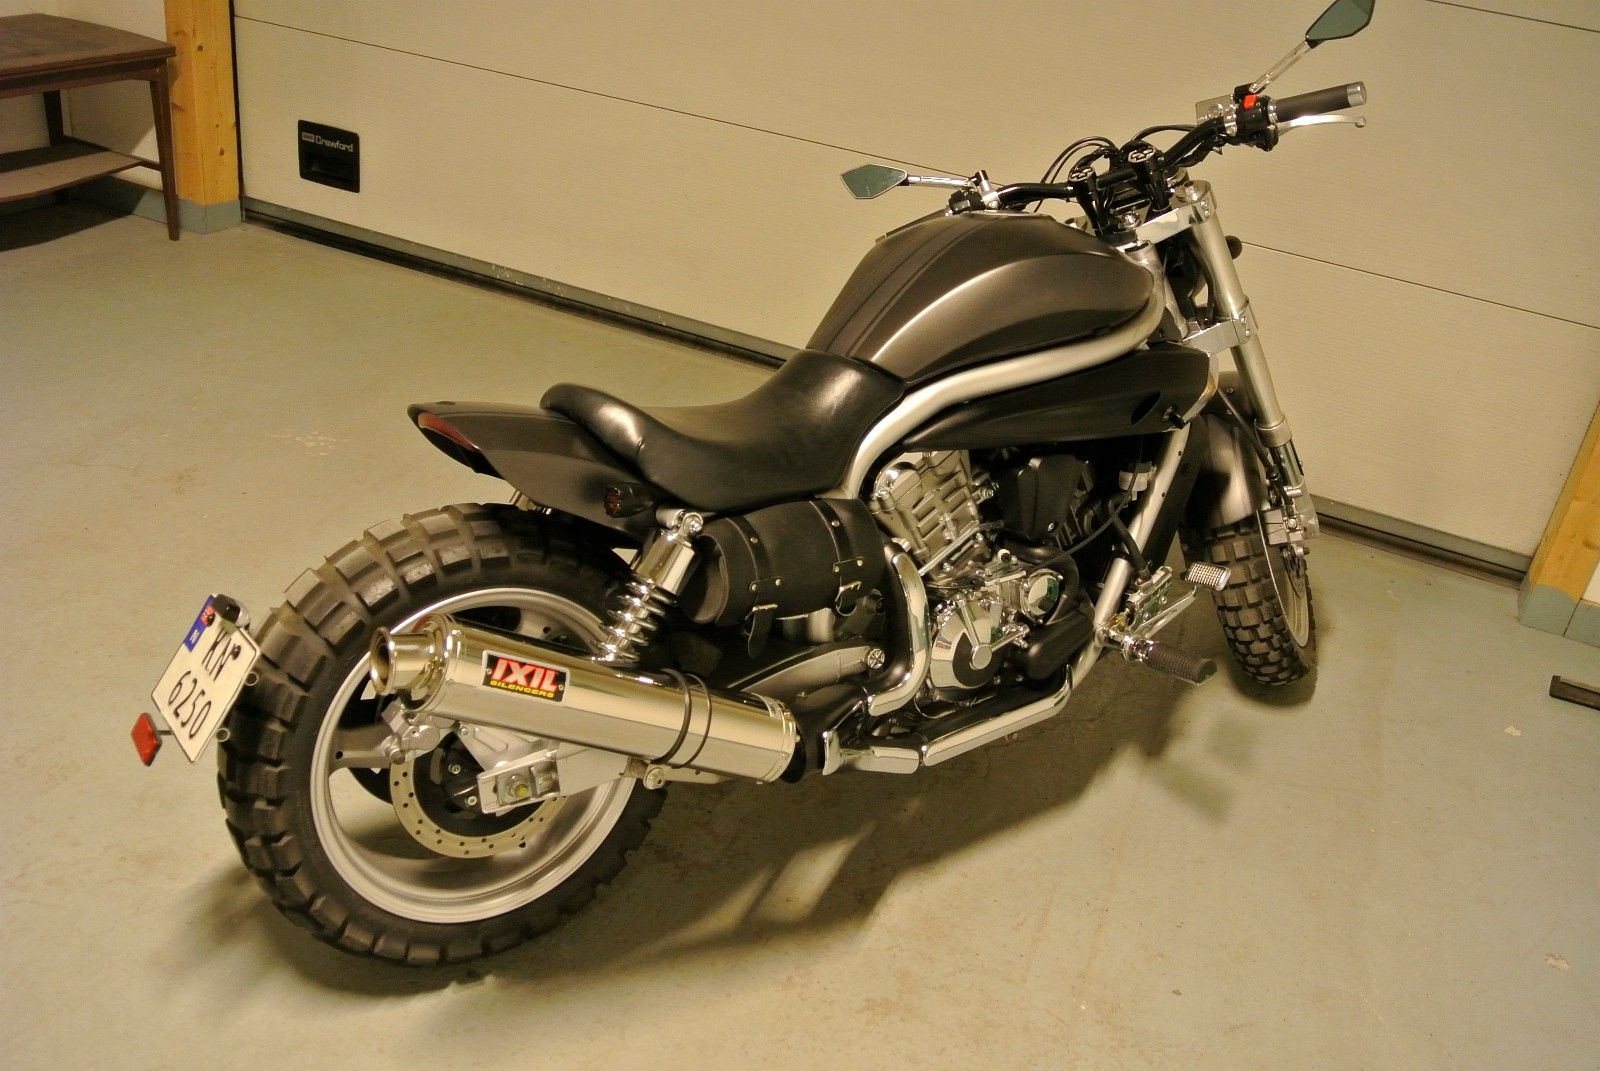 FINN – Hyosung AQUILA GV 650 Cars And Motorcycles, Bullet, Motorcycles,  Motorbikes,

---

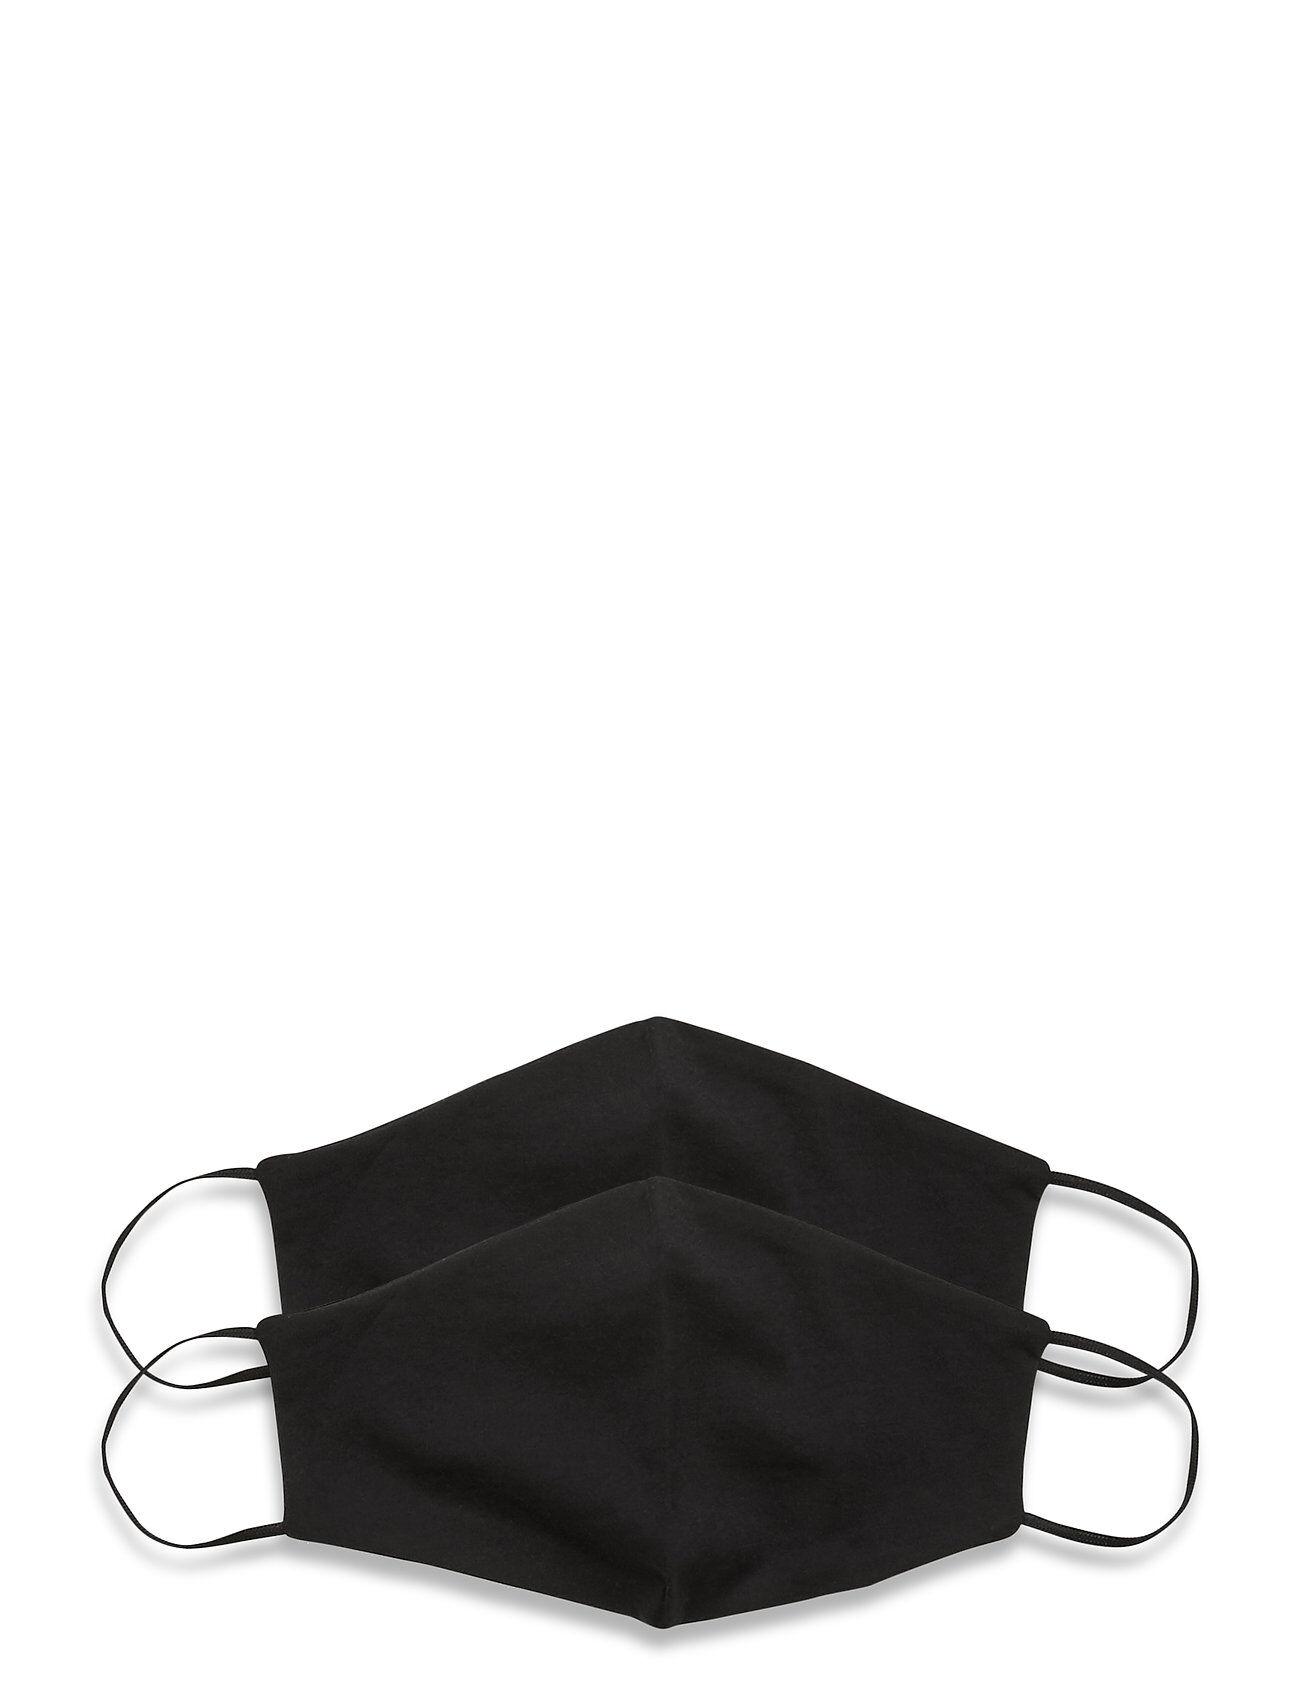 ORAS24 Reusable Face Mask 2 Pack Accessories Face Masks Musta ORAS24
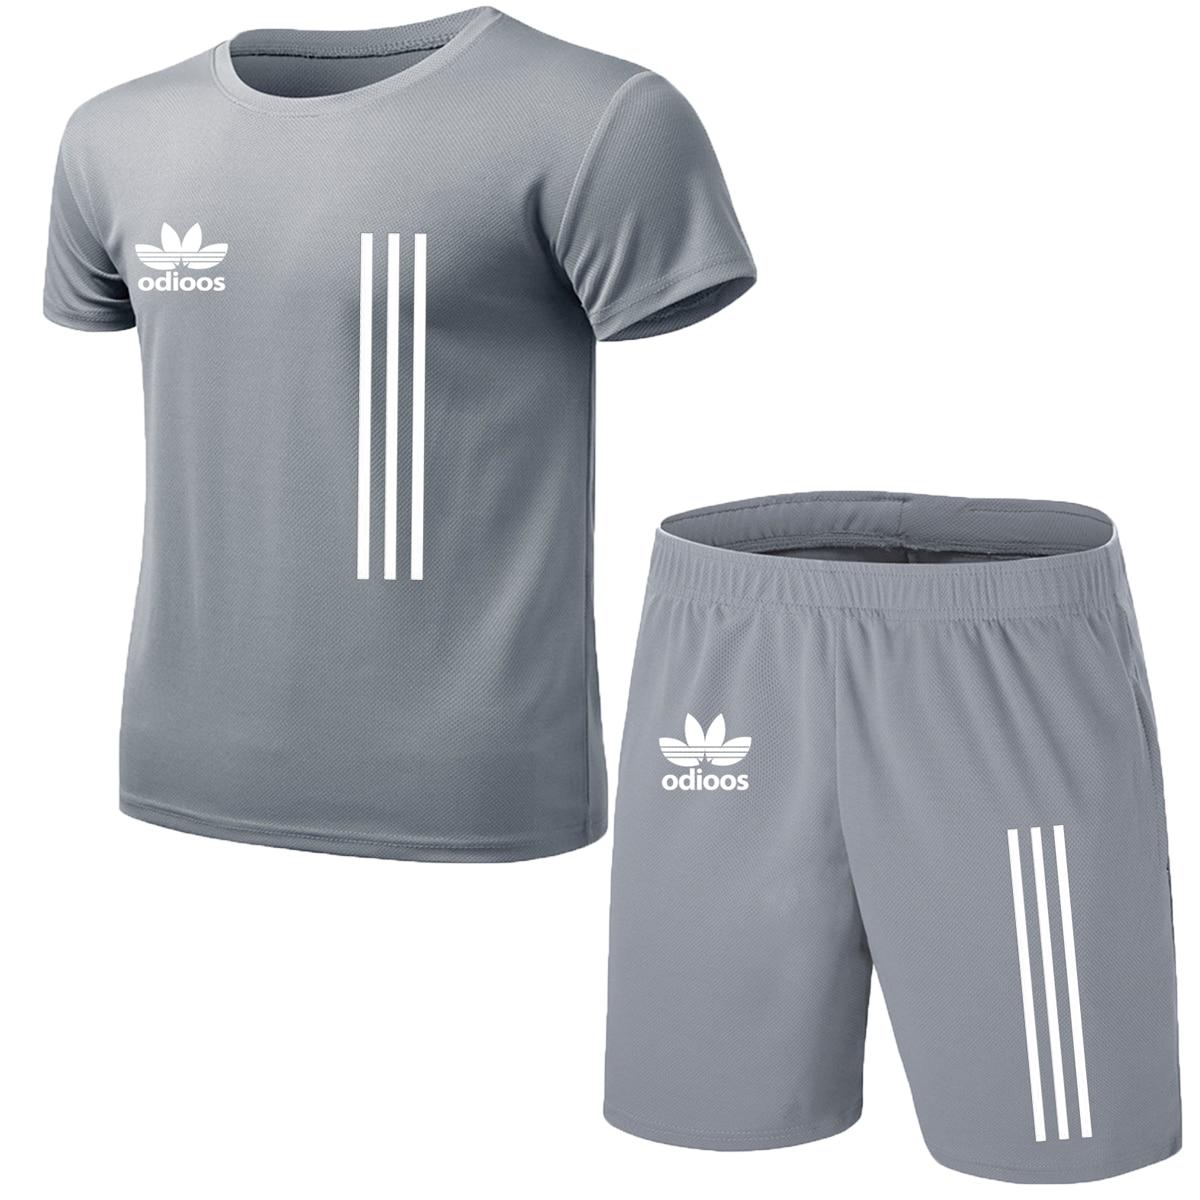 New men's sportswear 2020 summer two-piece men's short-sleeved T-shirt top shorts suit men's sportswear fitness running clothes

--

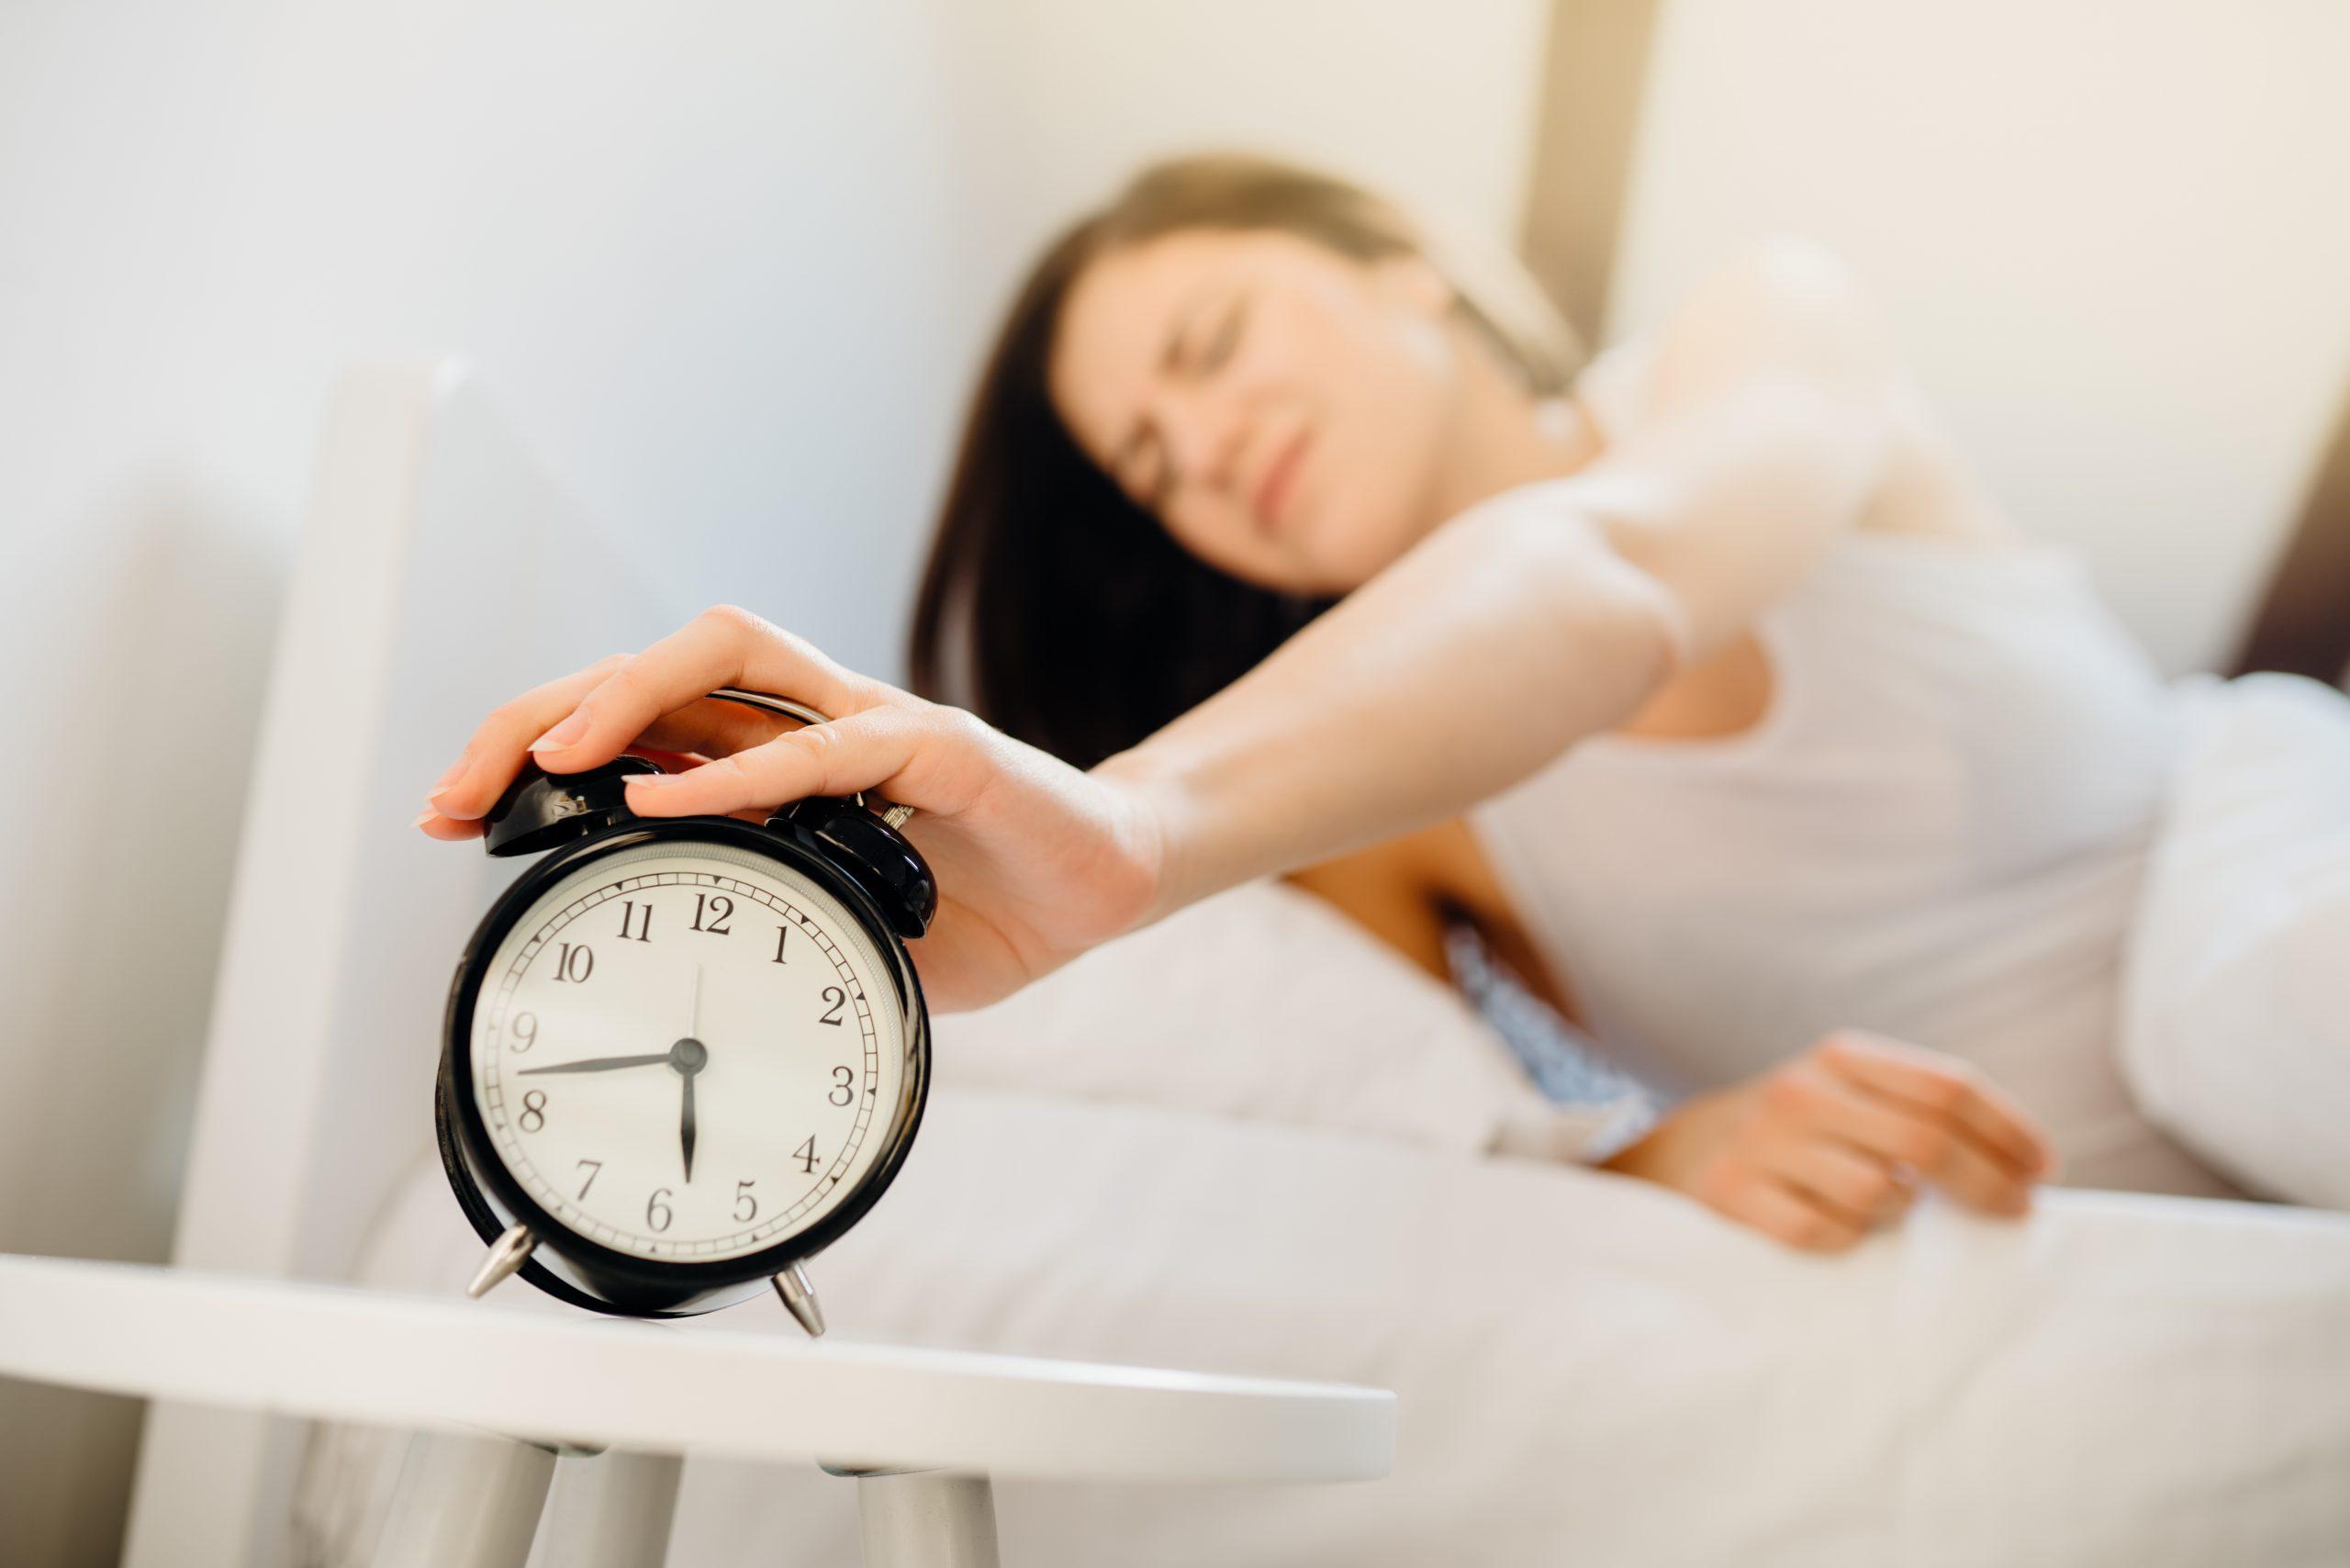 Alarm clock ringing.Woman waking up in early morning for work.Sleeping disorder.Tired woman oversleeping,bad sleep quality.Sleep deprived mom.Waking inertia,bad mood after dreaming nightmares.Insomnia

## EXERCISE GOAL
With pictures omitted, repeat the entries above word for word from the line holding "ORAS24 Reusable Face" down to the line holding "New men's sportswear", keeping both of those lines.

## TASK ANSWER
 ORAS24 Reusable Face Mask 2 Pack Accessories Face Masks Musta ORAS24
 New men's sportswear 2020 summer two-piece men's short-sleeved T-shirt top shorts suit men's sportswear fitness running clothes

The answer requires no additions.